## Entries supplied
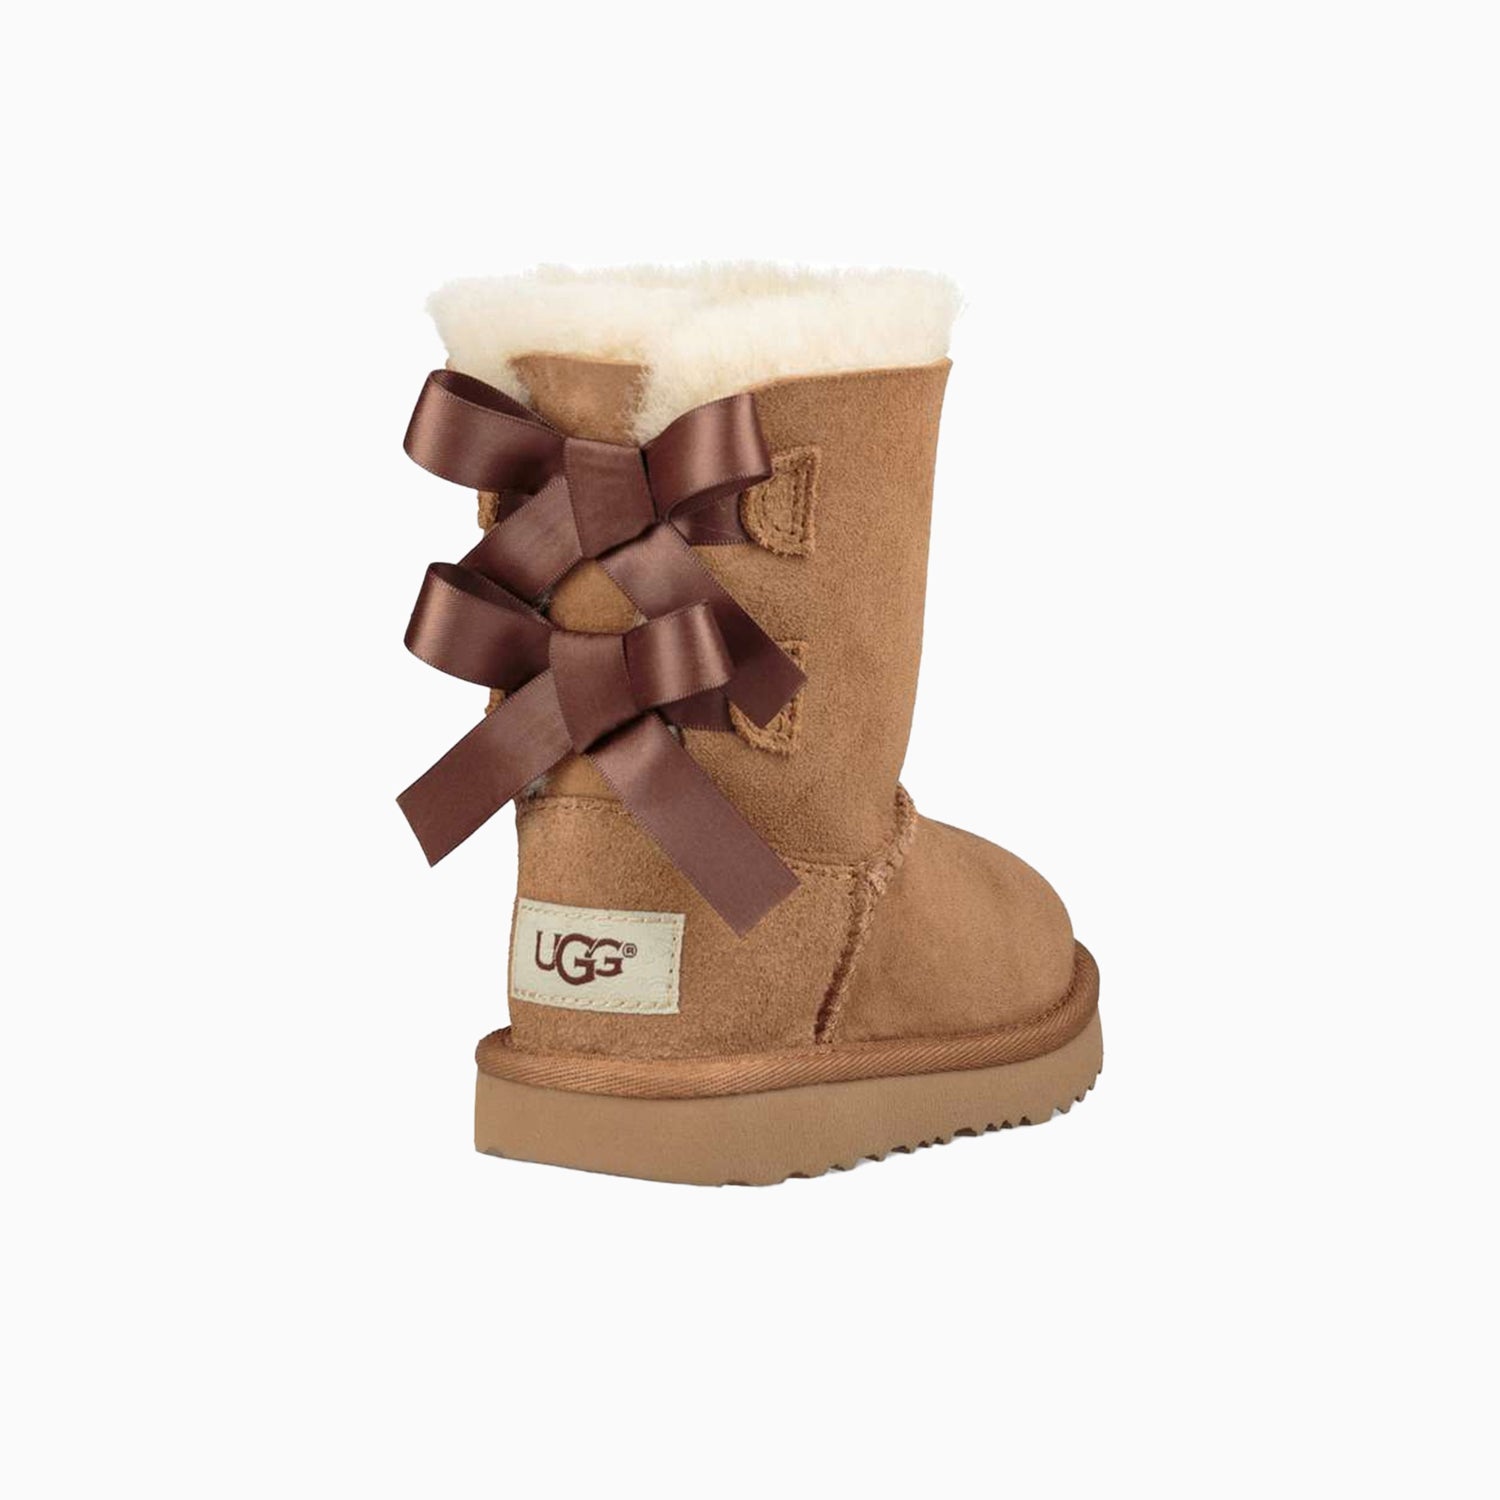 ugg-kids-bailey-bow-ii-toddler-boot-1017394t-che
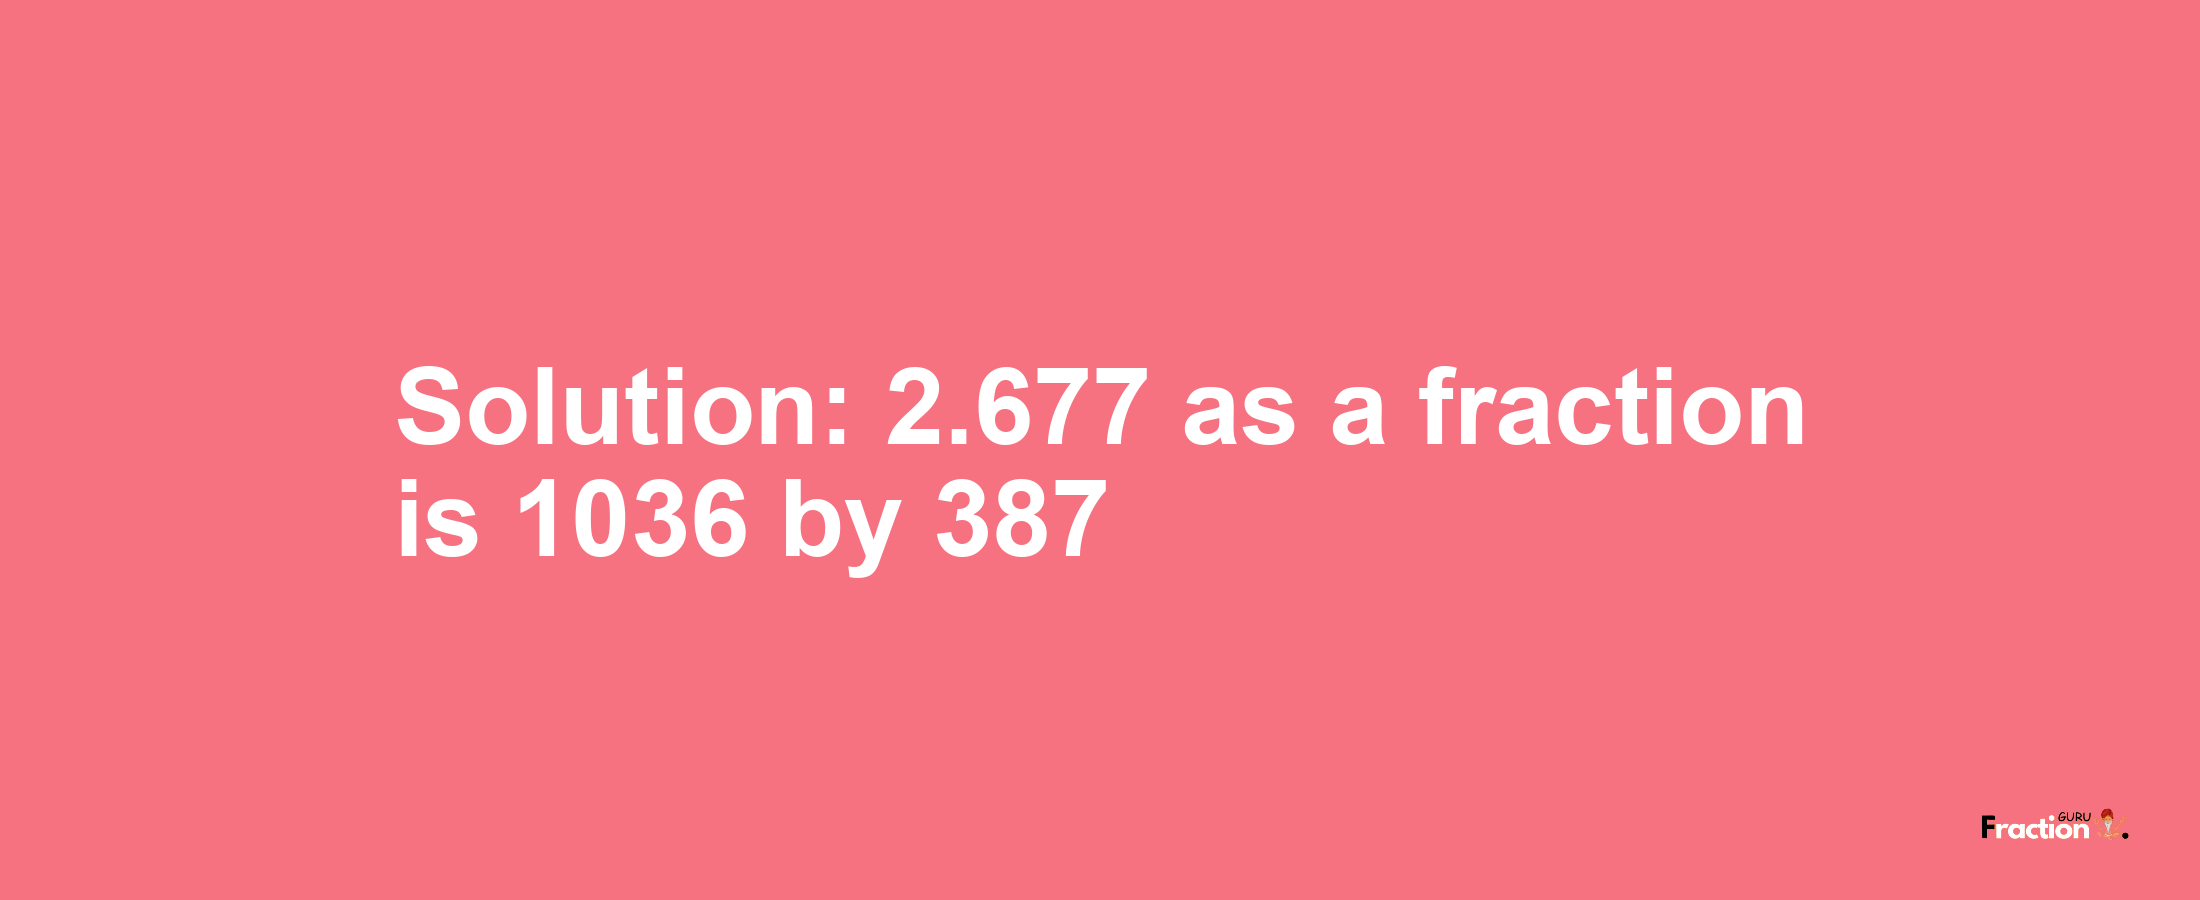 Solution:2.677 as a fraction is 1036/387
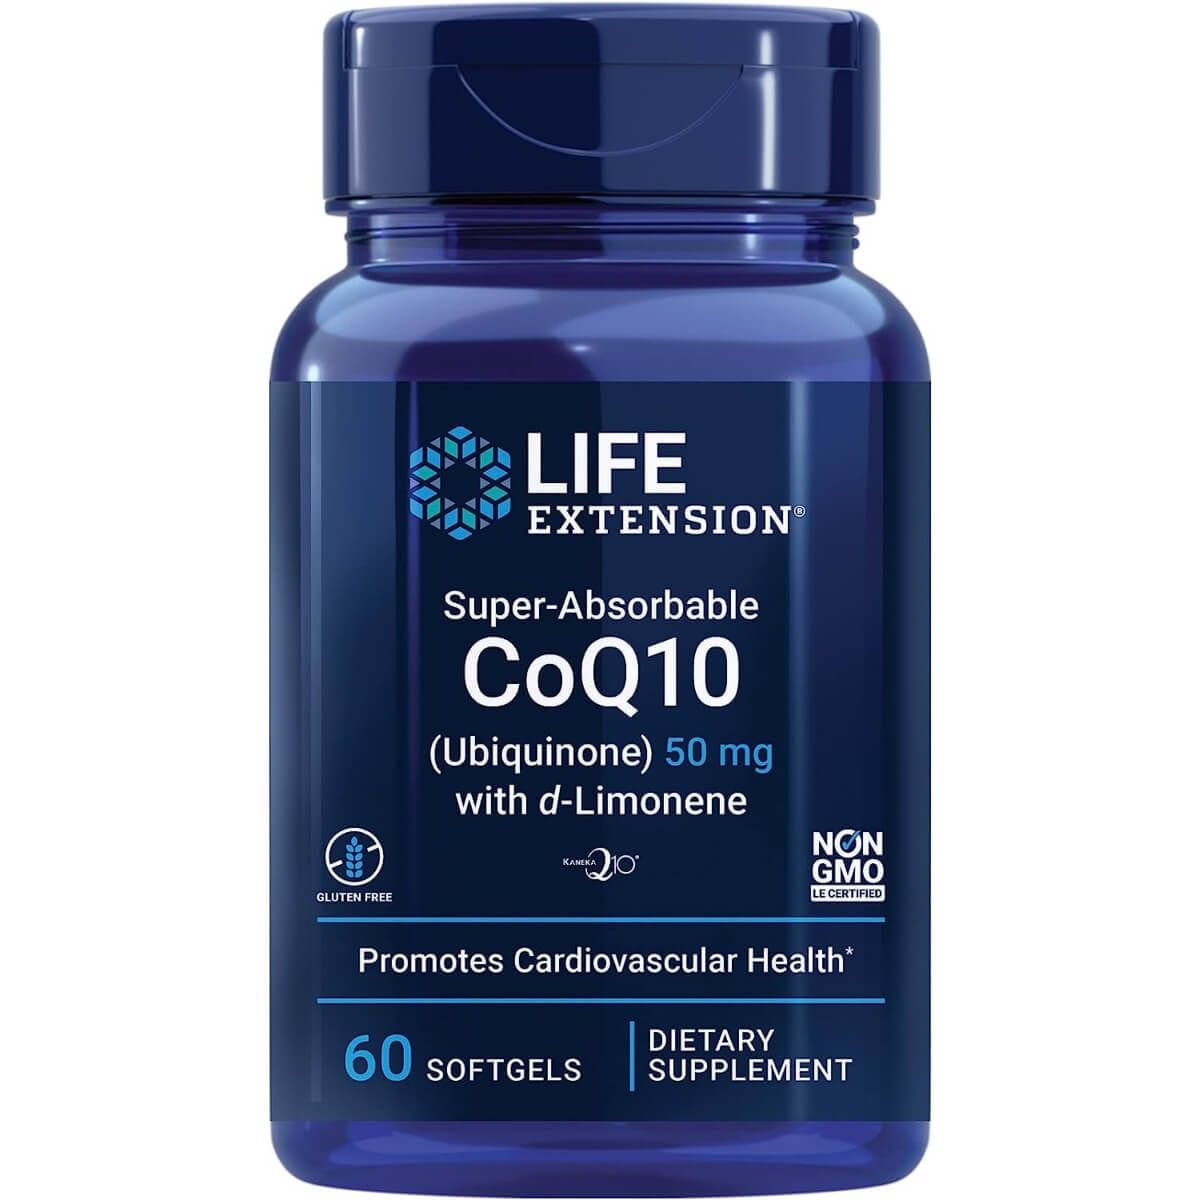 Photos - Vitamins & Minerals Life Extension Super-Absorbable CoQ10  with d-Limonene 50 mg 6 (Ubiquinone)
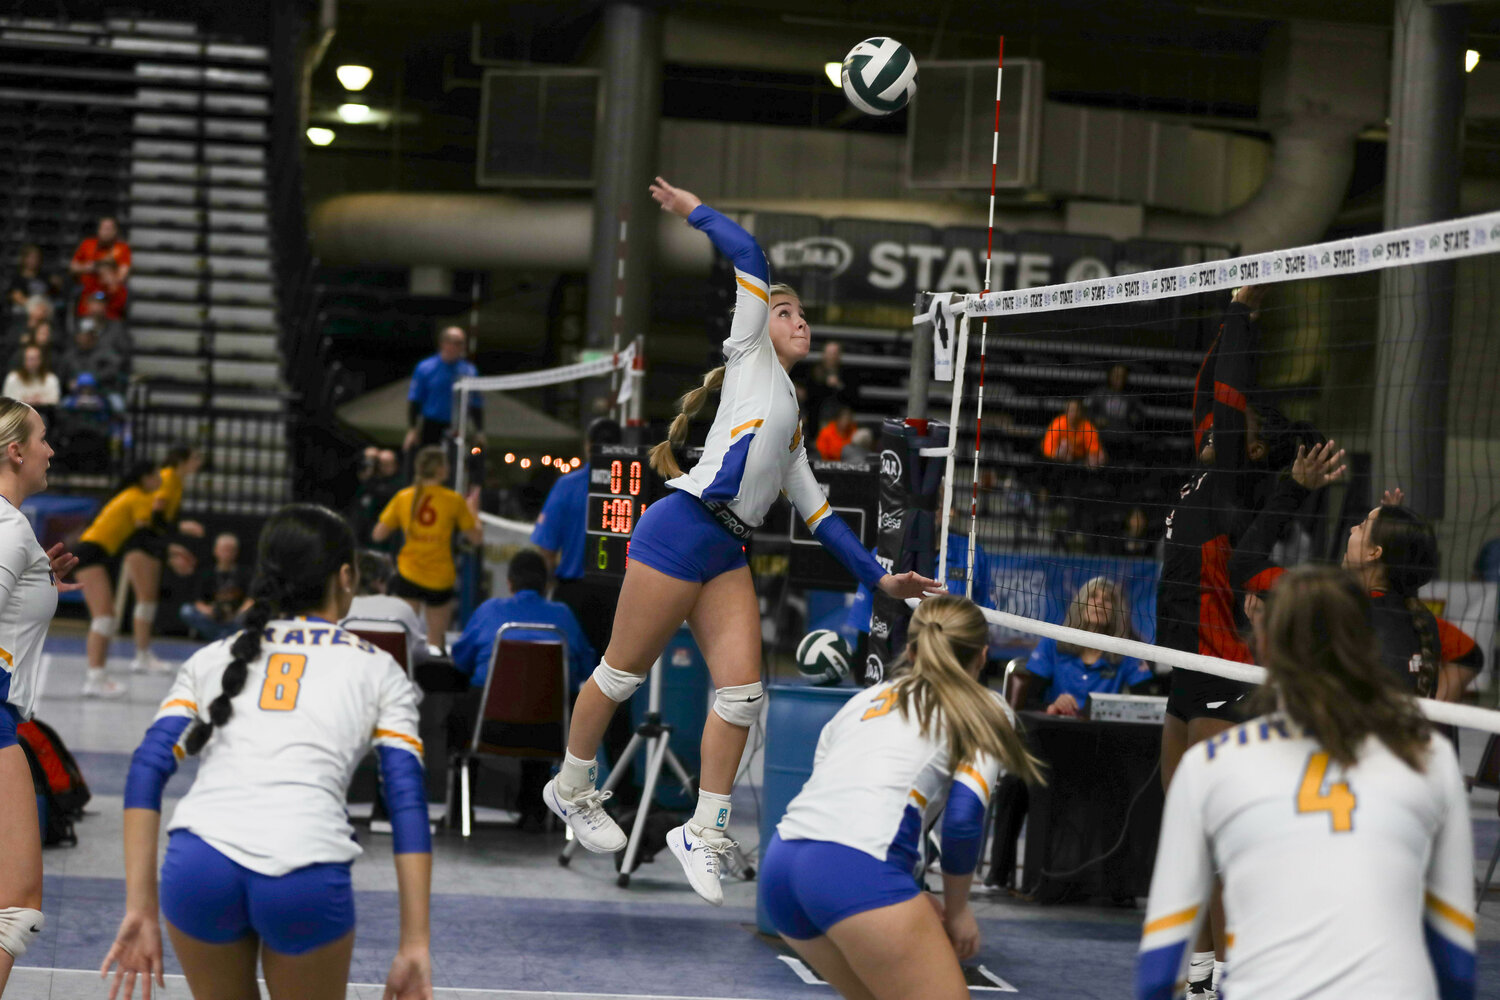 Danika Hallom spikes the ball during Adna's win over Liberty at the state tournament on Nov. 9 in Yakima.
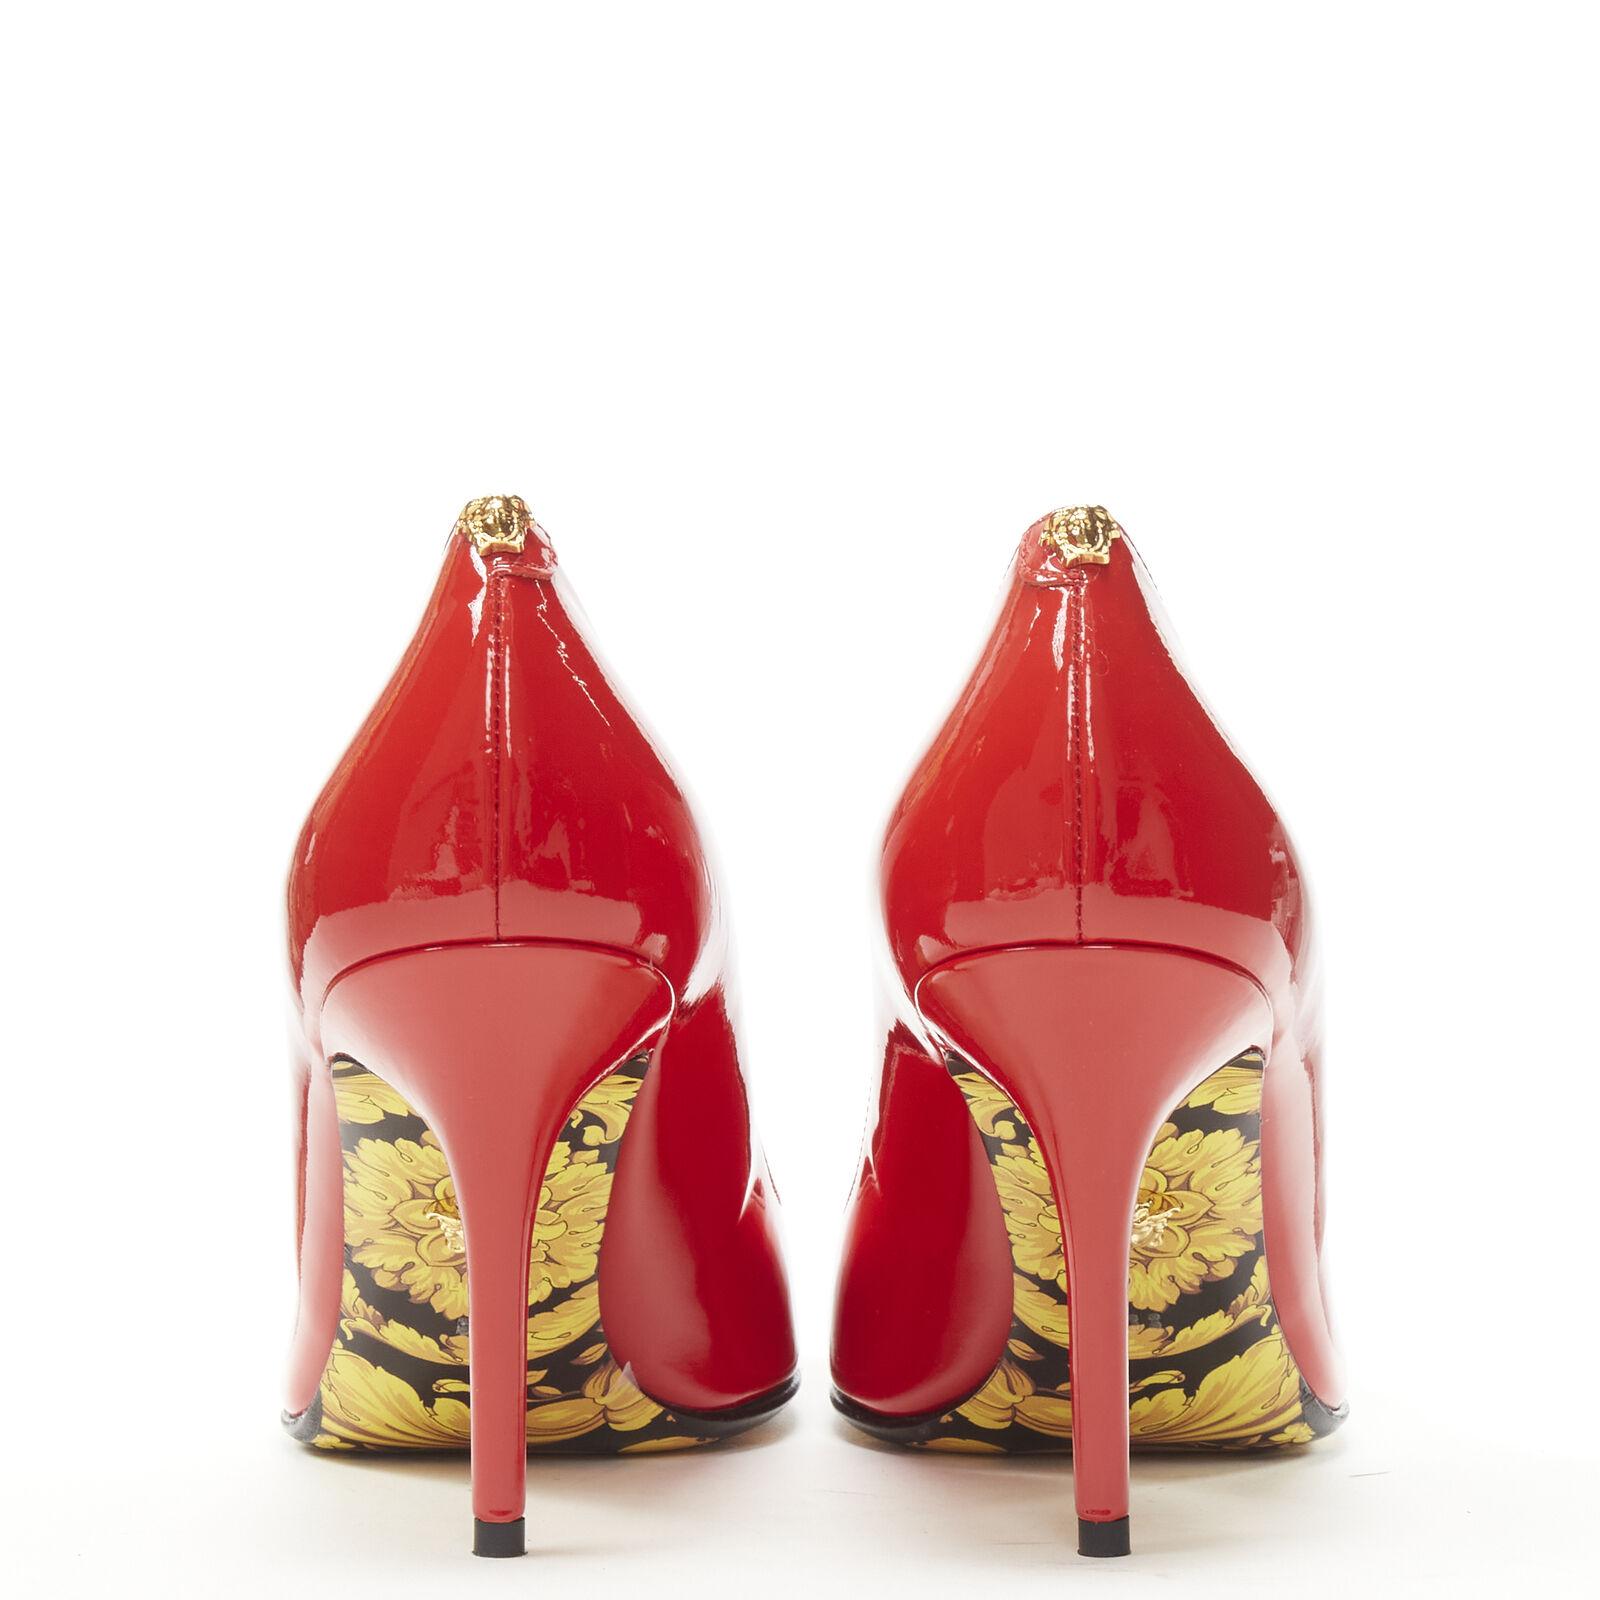 new VERSACE Hibiscus Barocco Eros red patent floral sole Medusa pump US7 EU37 For Sale 1

## Work request
What's needed is an exact retyping of the records, pictures excluded.

## Written reply
 ugg-kids-bailey-bow-ii-toddler-boot-1017394t-che
 Solution:2.677 as a fraction is 1036/387
 Photos - Vitamins & Minerals Life Extension Super-Absorbable CoQ10  with d-Limonene 50 mg 6 (Ubiquinone)
 Danika Hallom spikes the ball during Adna's win over Liberty at the state tournament on Nov. 9 in Yakima.
 new VERSACE Hibiscus Barocco Eros red patent floral sole Medusa pump US7 EU37 For Sale 1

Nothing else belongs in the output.